### WHAT THE TASK REQUIRES
Exclude the pictures and reproduce the remaining data exactly as written.

### DATASET EXTRACT
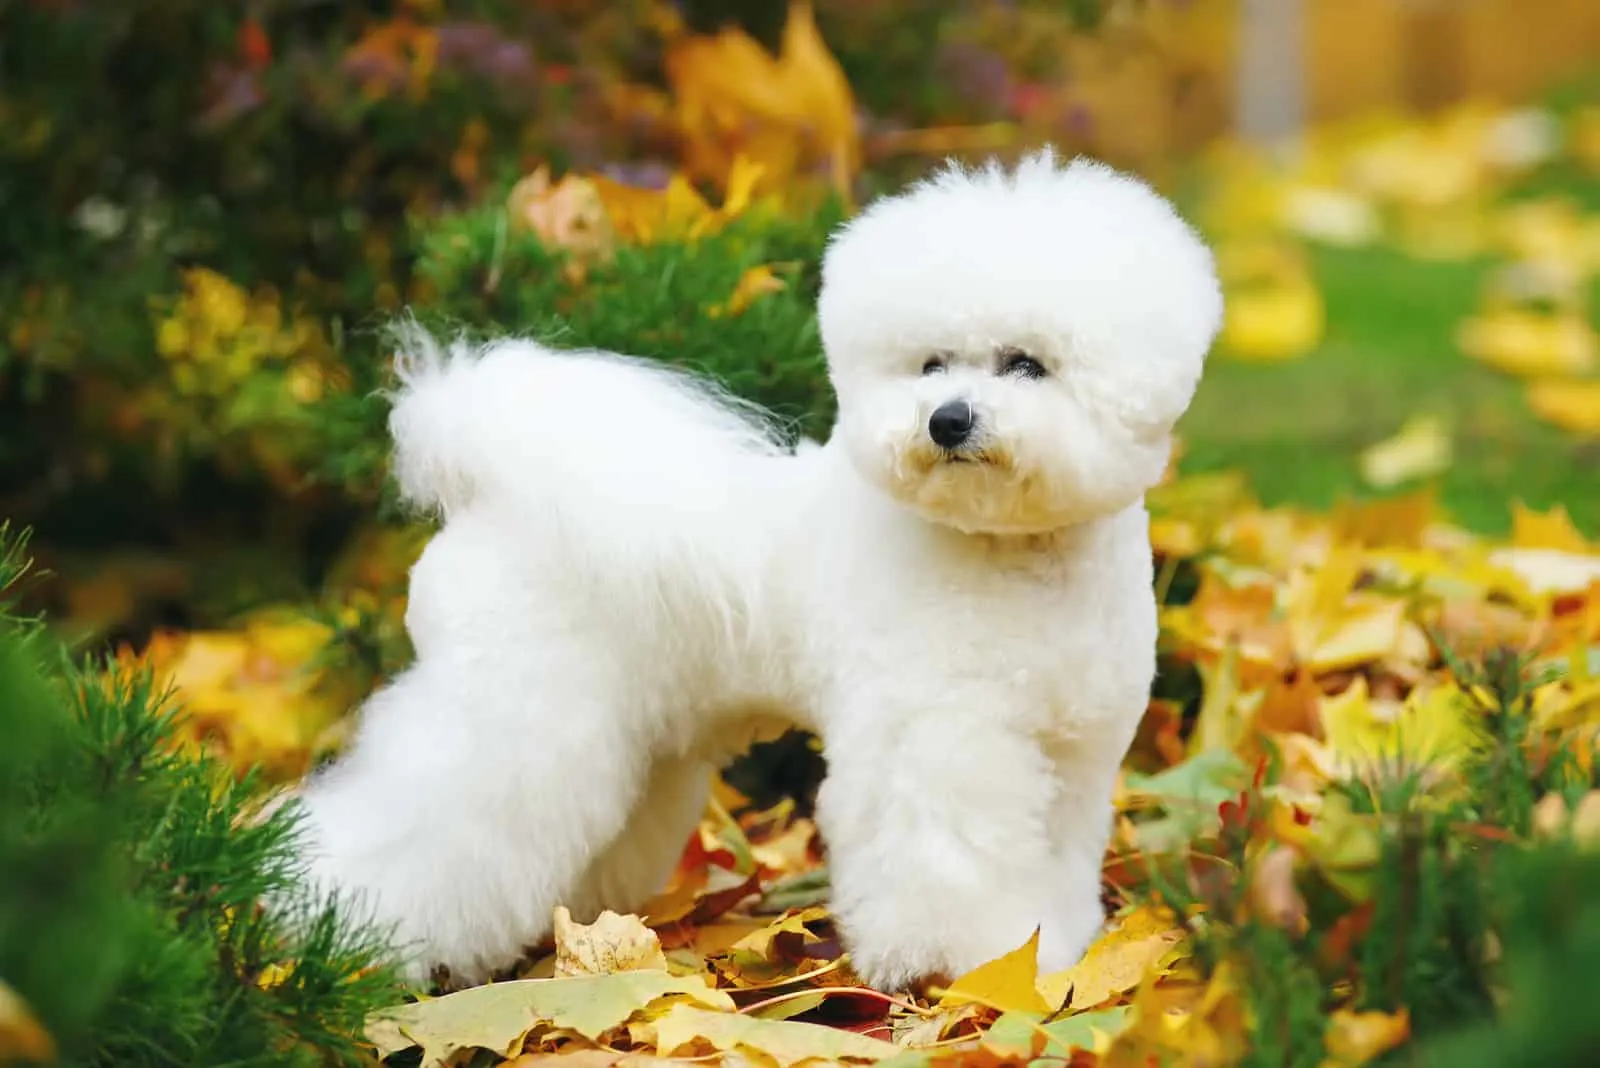 Bichon Frise standing outside on grass
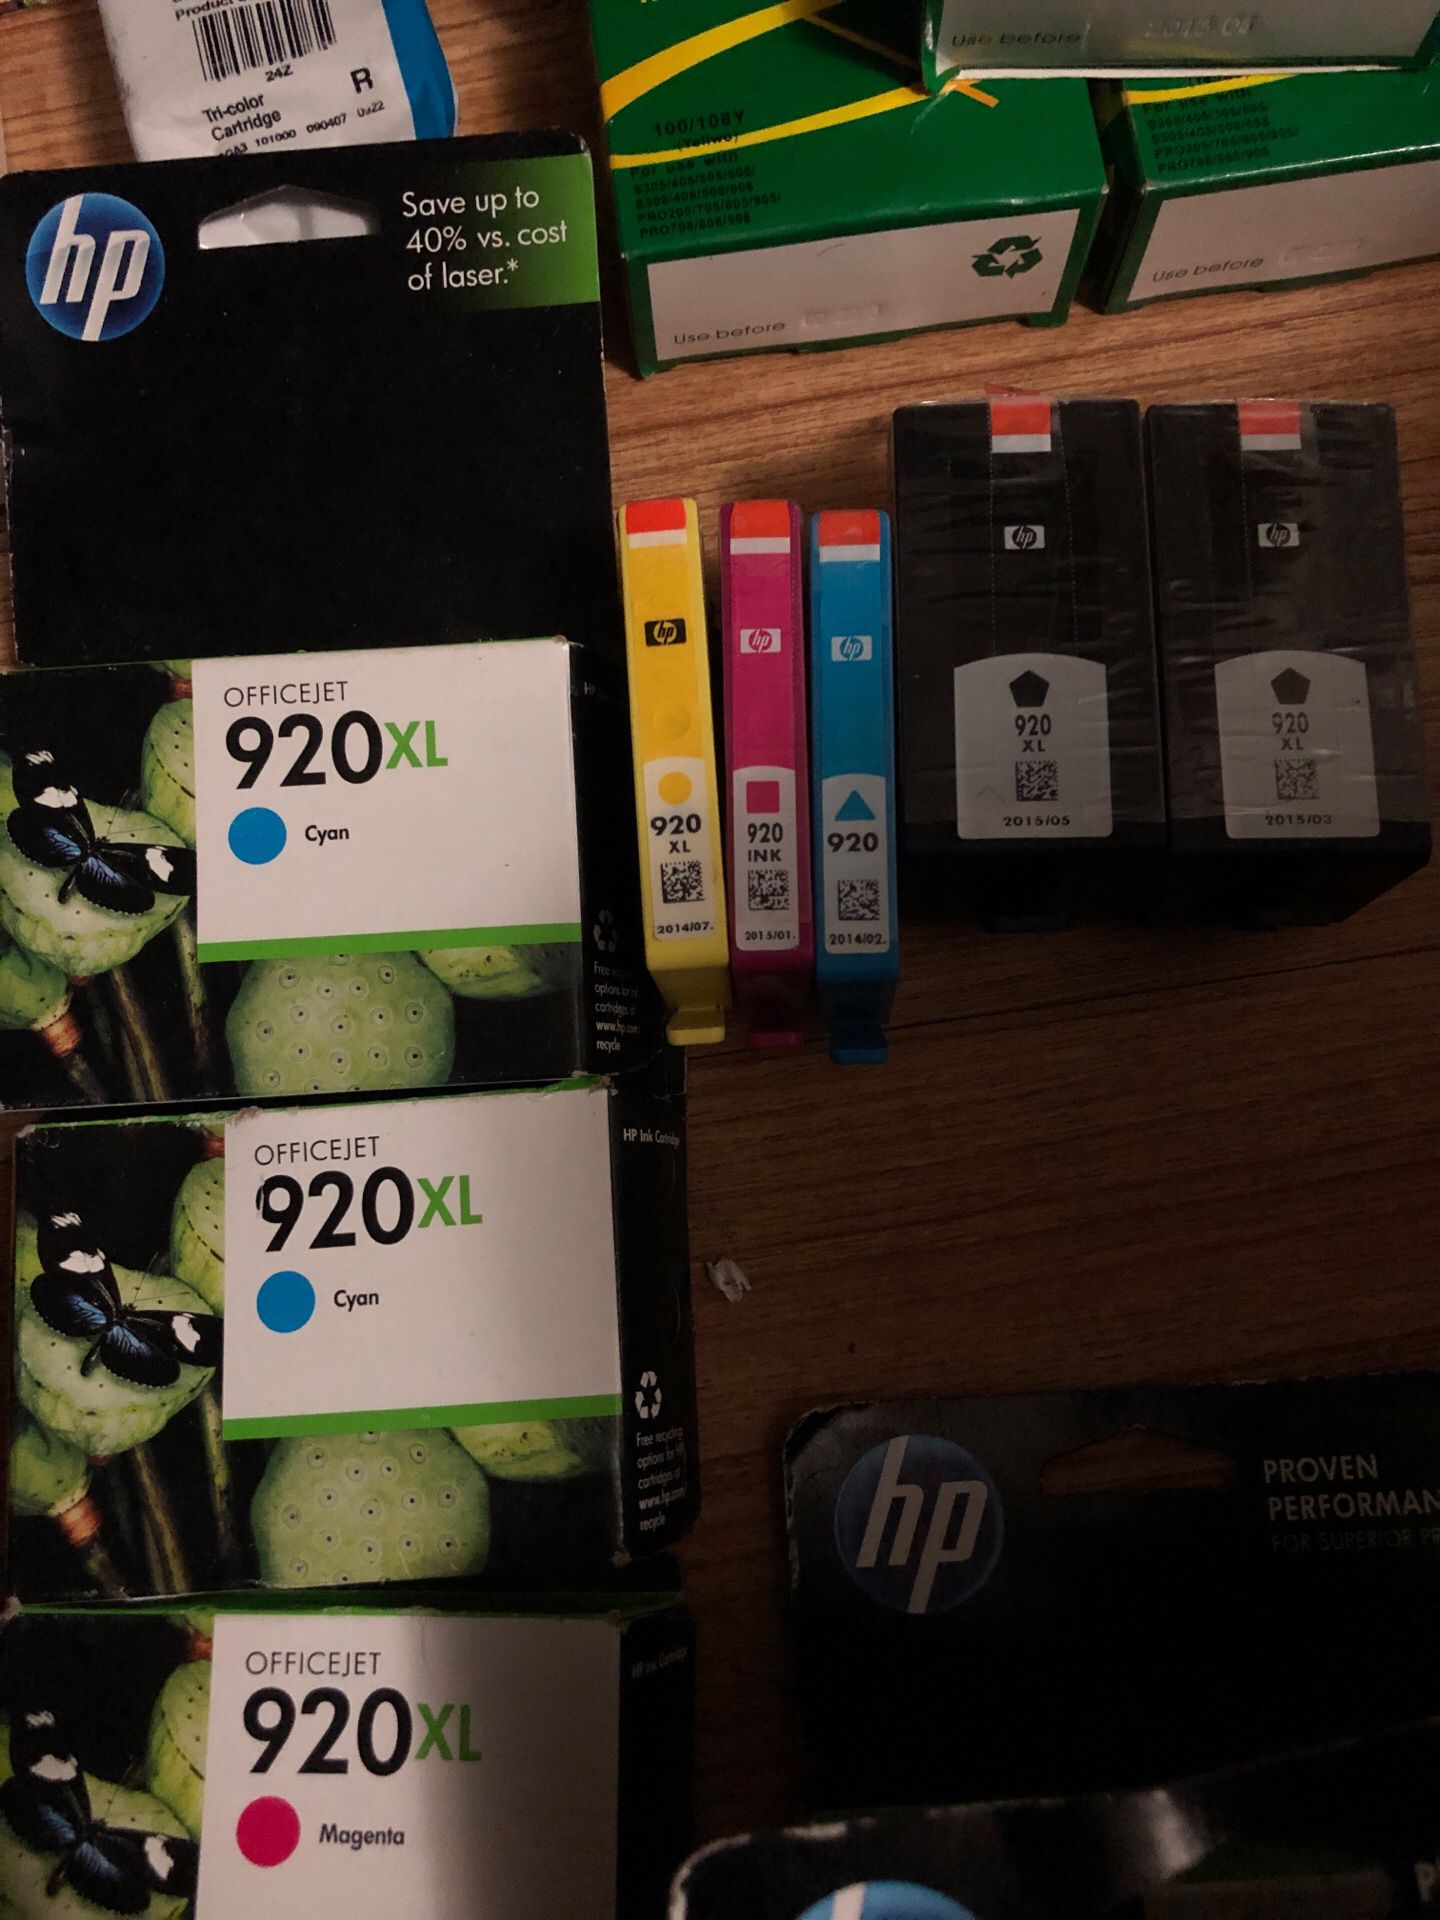 Here some more for that 920 printer ink 2 XL black not boxed but was
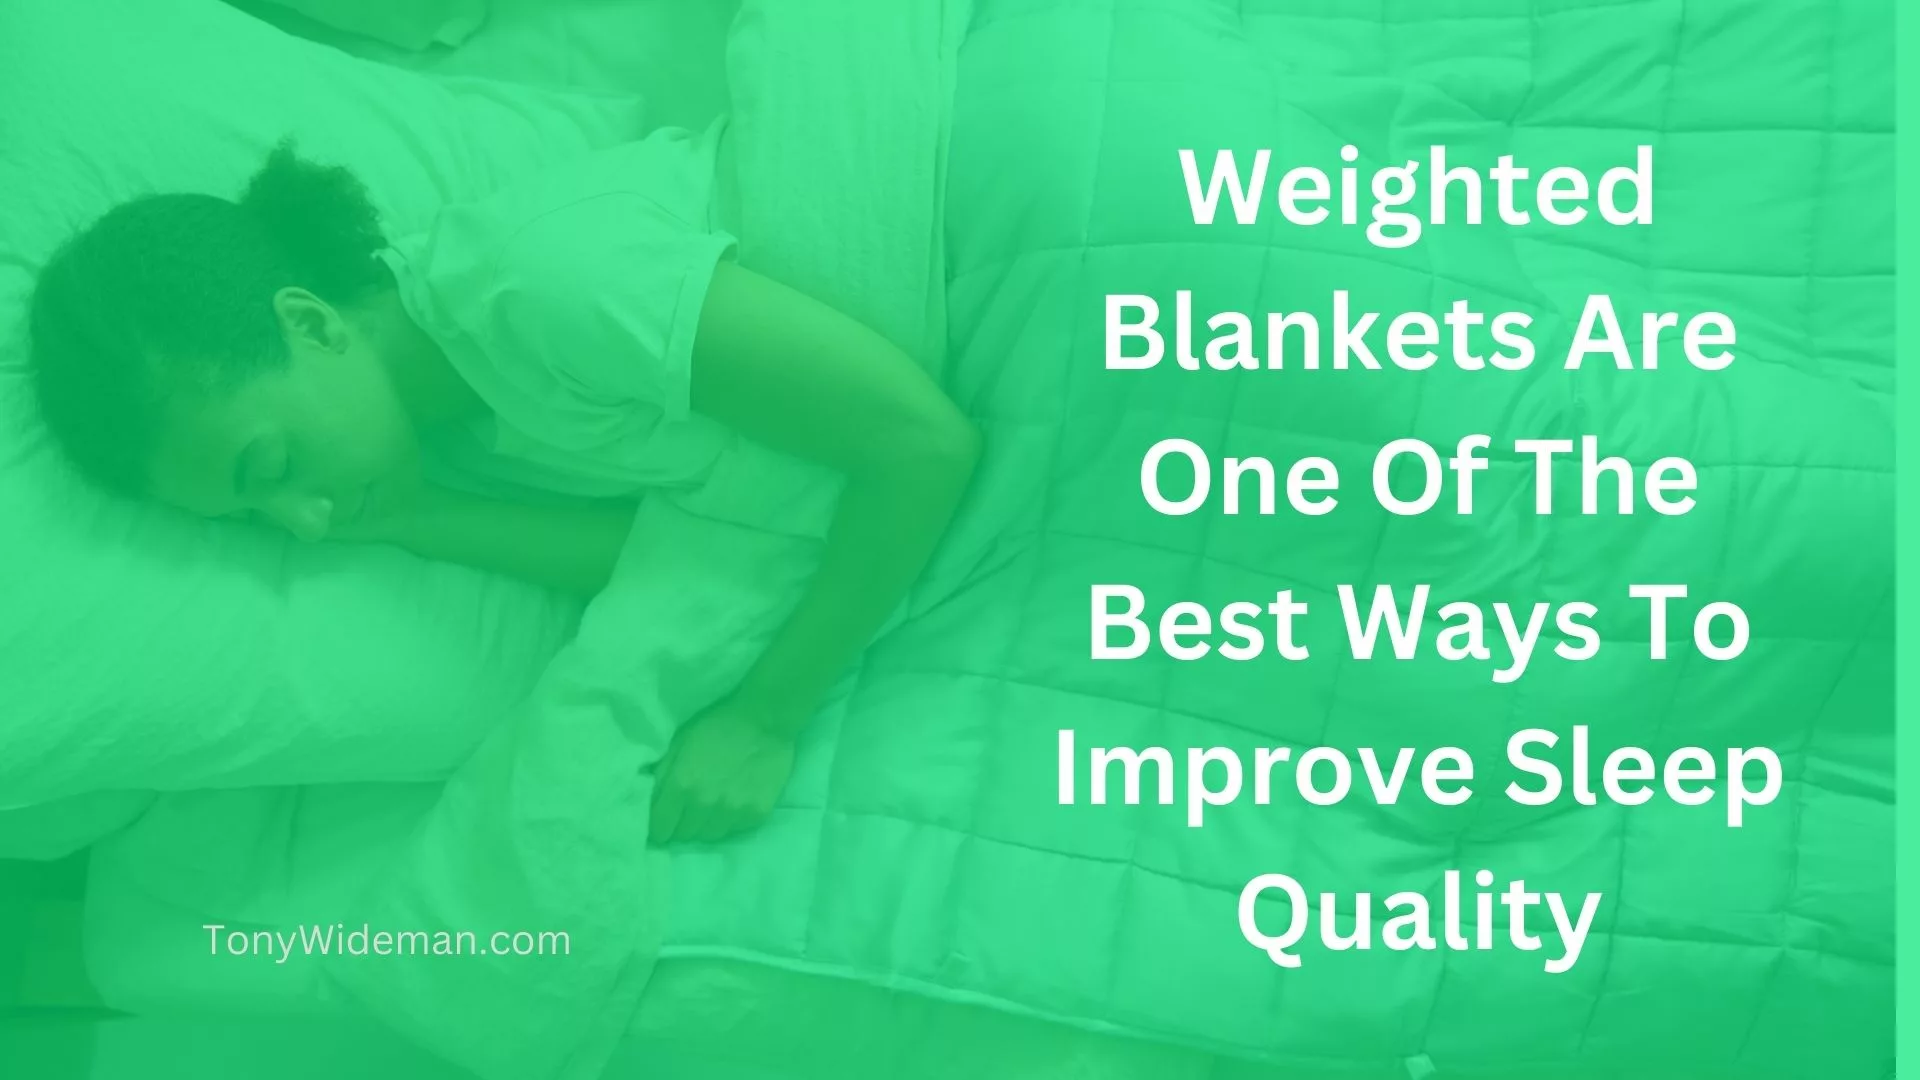 Weighted Blankets Are One Of The Best Ways To Improve Sleep Quality
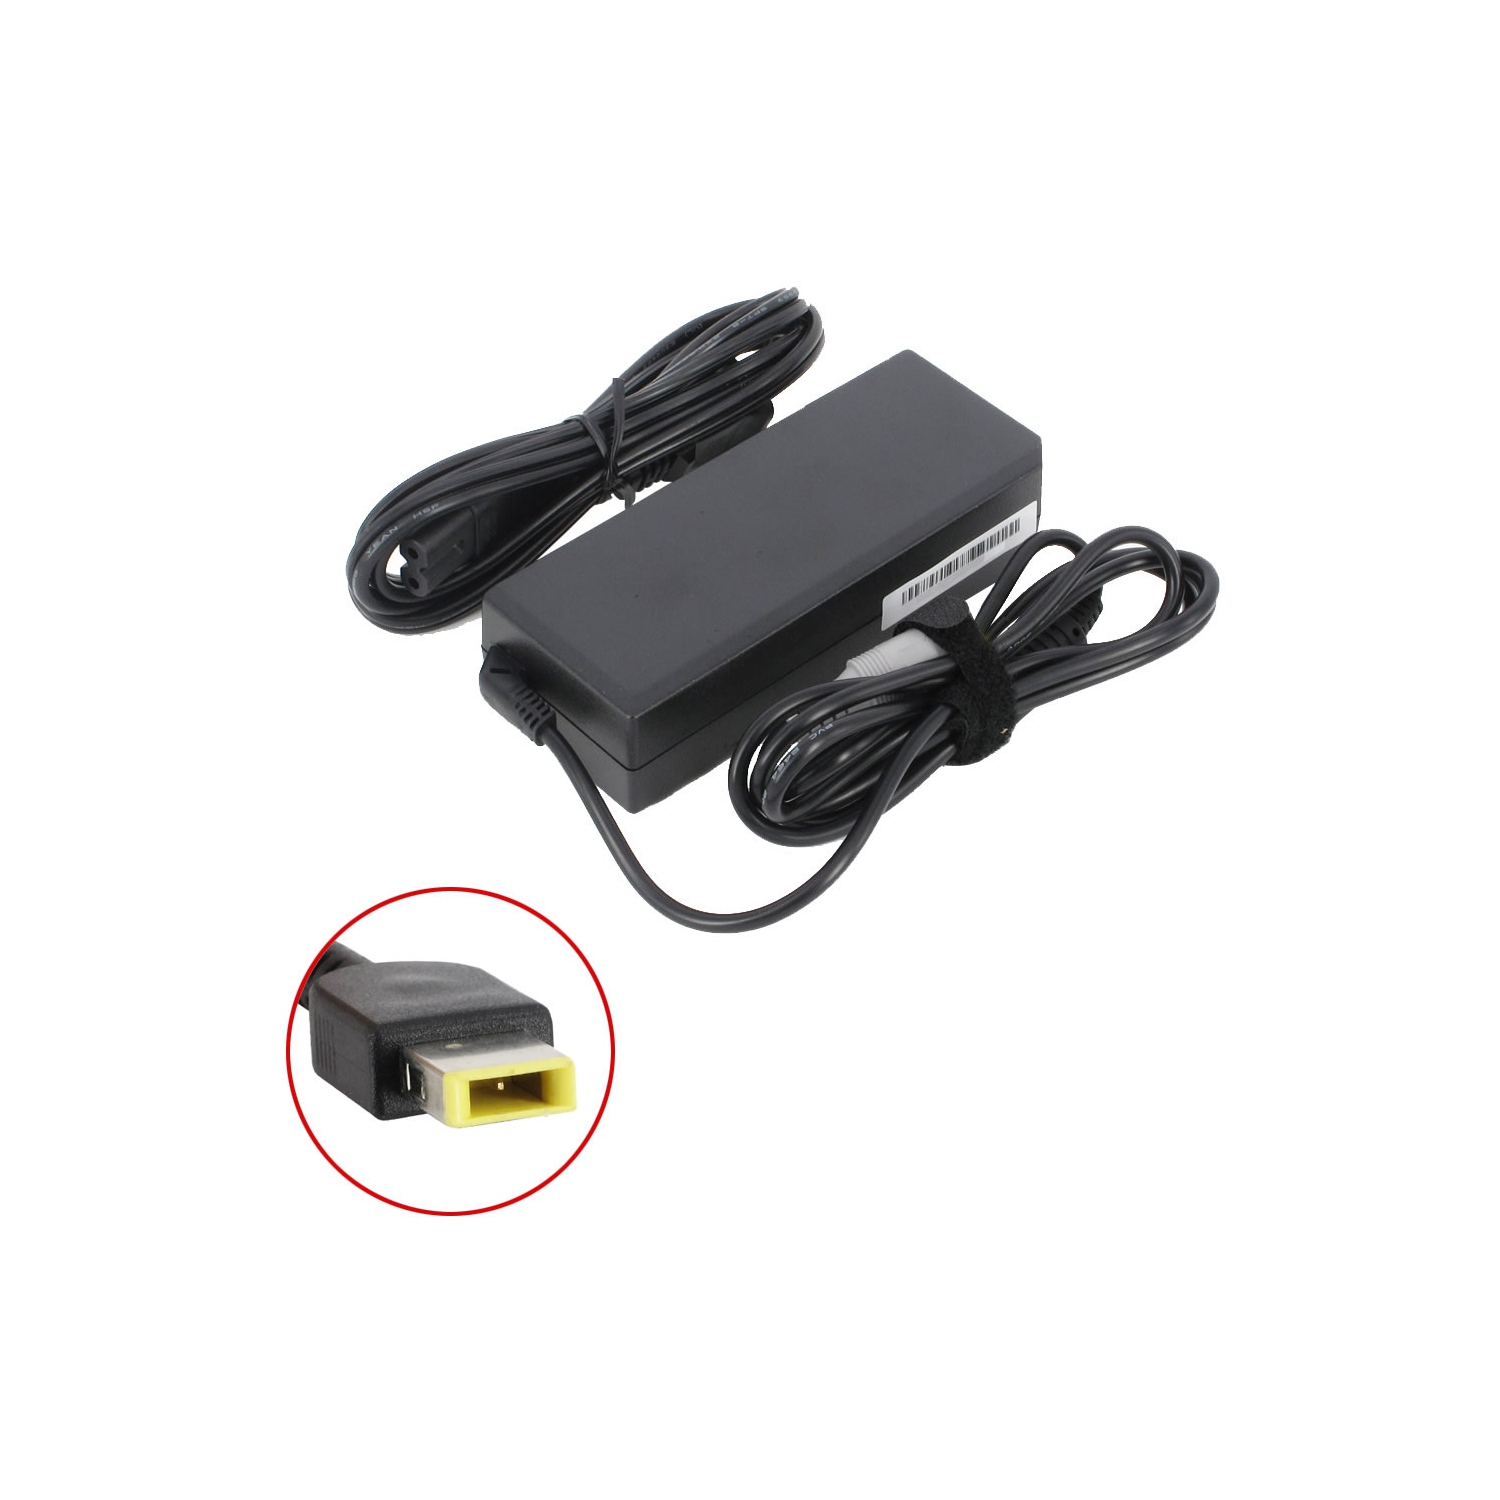 Brand New Laptop AC Adapter for Lenovo IdeaPad Yoga 11S (Touch)-59370528, ADP-65XB A, 0B47481, 45N0293, 45N0482, PA-1650-37LF

### ANSWER BOX
 Bichon Frise standing outside on grass
 Here some more for that 920 printer ink 2 XL black not boxed but was
 Weighted Blankets Are One Of The Best Ways To Improve Sleep Quality
 Brand New Laptop AC Adapter for Lenovo IdeaPad Yoga 11S (Touch)-59370528, ADP-65XB A, 0B47481, 45N0293, 45N0482, PA-1650-37LF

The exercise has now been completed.